Modulation of Acute Inflammation by Targeting Glycosaminoglycan-Cytokine Interactions

Institution

University of Louisville

Abstract

Glycosaminoglycans (GAGs) located on cellular membranes and the extracellular matrix (ECM) are able to interact with chemokines and pro-inflammatory cytokines, leading to local cytokine/chemokine accumulation. The tissue-bound cytokines/chemokines function in promoting leukocyte migration and activation, contributing to local inflammation. Hence, targeting of GAG/cytokine interactions may provide an avenue for the attenuation of inflammatory responses. A cationic peptide (MC2) derived from the heparin-binding sequence of mouse IFN-gamma was previously shown by our laboratory to delay allograft rejection in an animal model. In order to further investigate the immunomodulatory properties of the MC2 peptide, we have studied its activity in an acute peritoneal inflammation model. Groups of C57Bl/6 mice were injected intraperitoneally with either ConA or thioglycollate and treated with saline (control), the MC2 peptide or two control cationic peptides, poly-L-lysine (PLL) and poly-L-arginine (PLA).
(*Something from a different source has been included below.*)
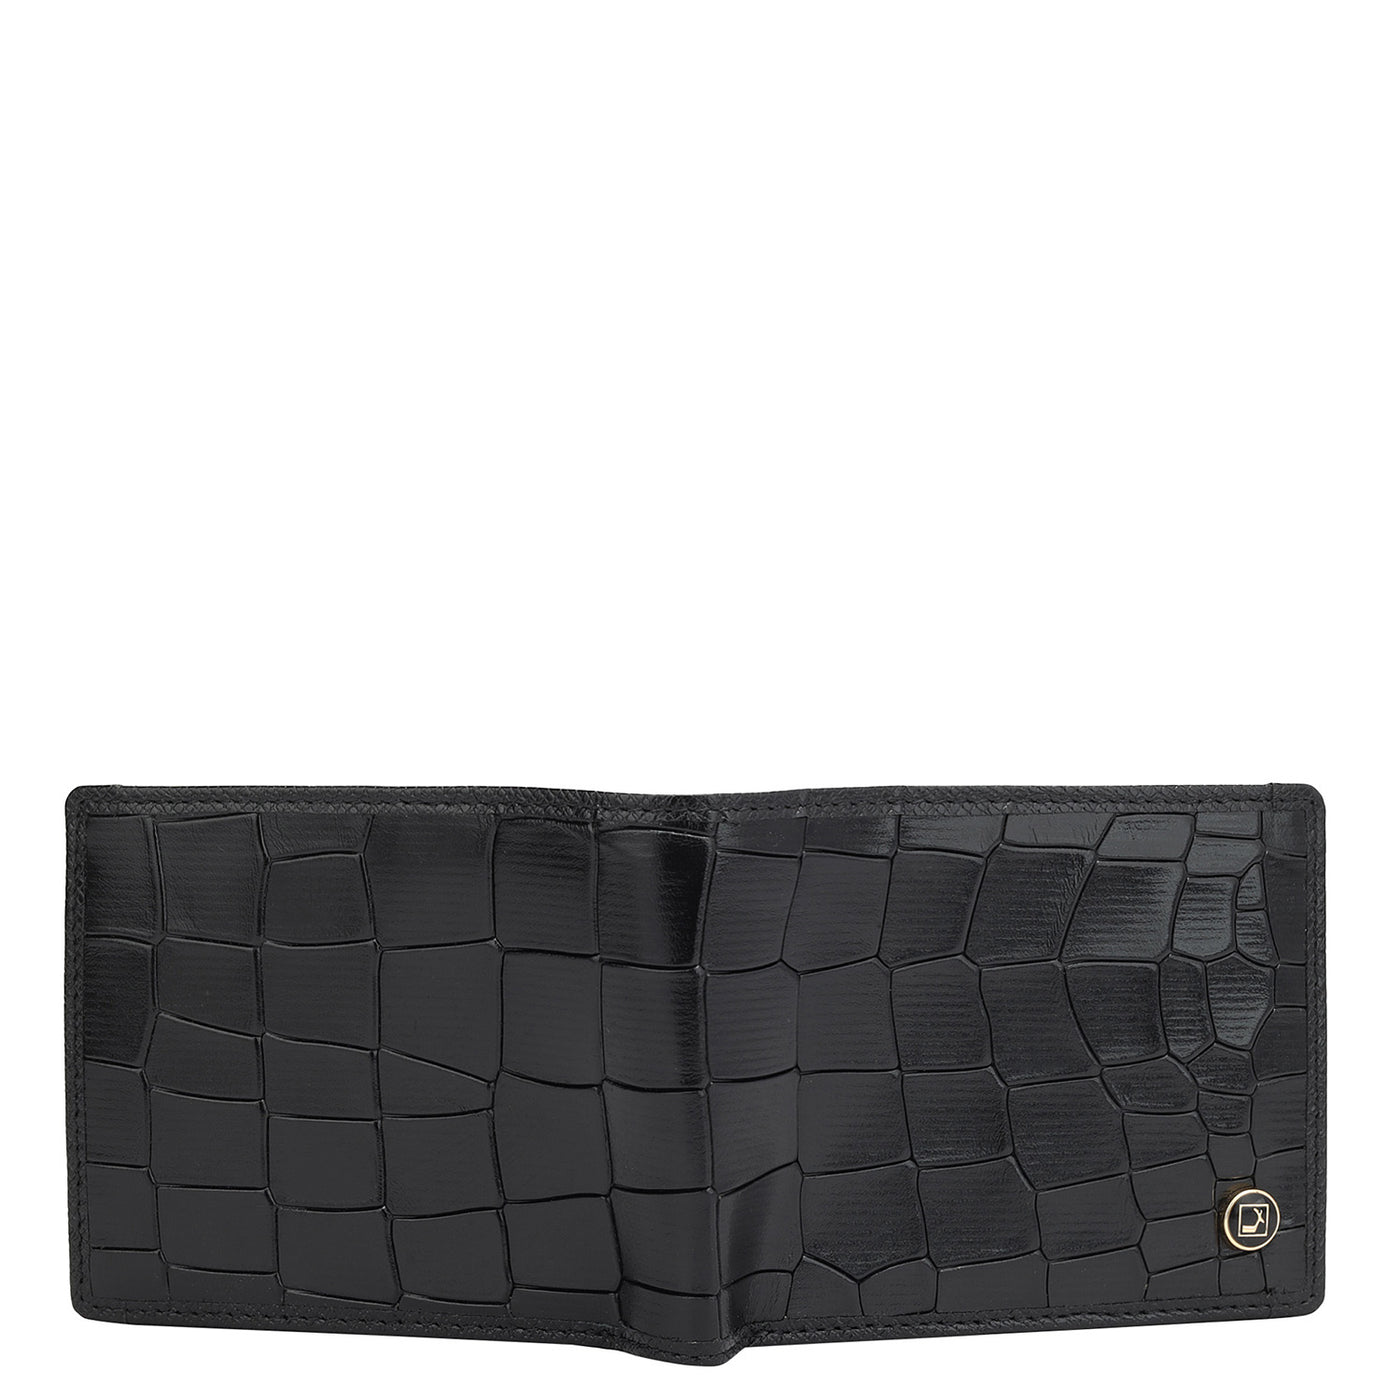 Black Croco Leather Mens Wallet & Belt Gift Set

Treatment with the MC2 peptide, but not PLA or PLL, resulted in statistically significant reductions in total cell numbers, concentration of total proteins, and concentrations of pro-inflammatory cytokines (TNF-alpha, IL-6, or IL-1beta) in peritoneal lavage fluids, without alterations to the qualitative cellular composition of the exudate. These results suggest that targeting GAG/cytokine interactions is a viable approach to reduce inflammation.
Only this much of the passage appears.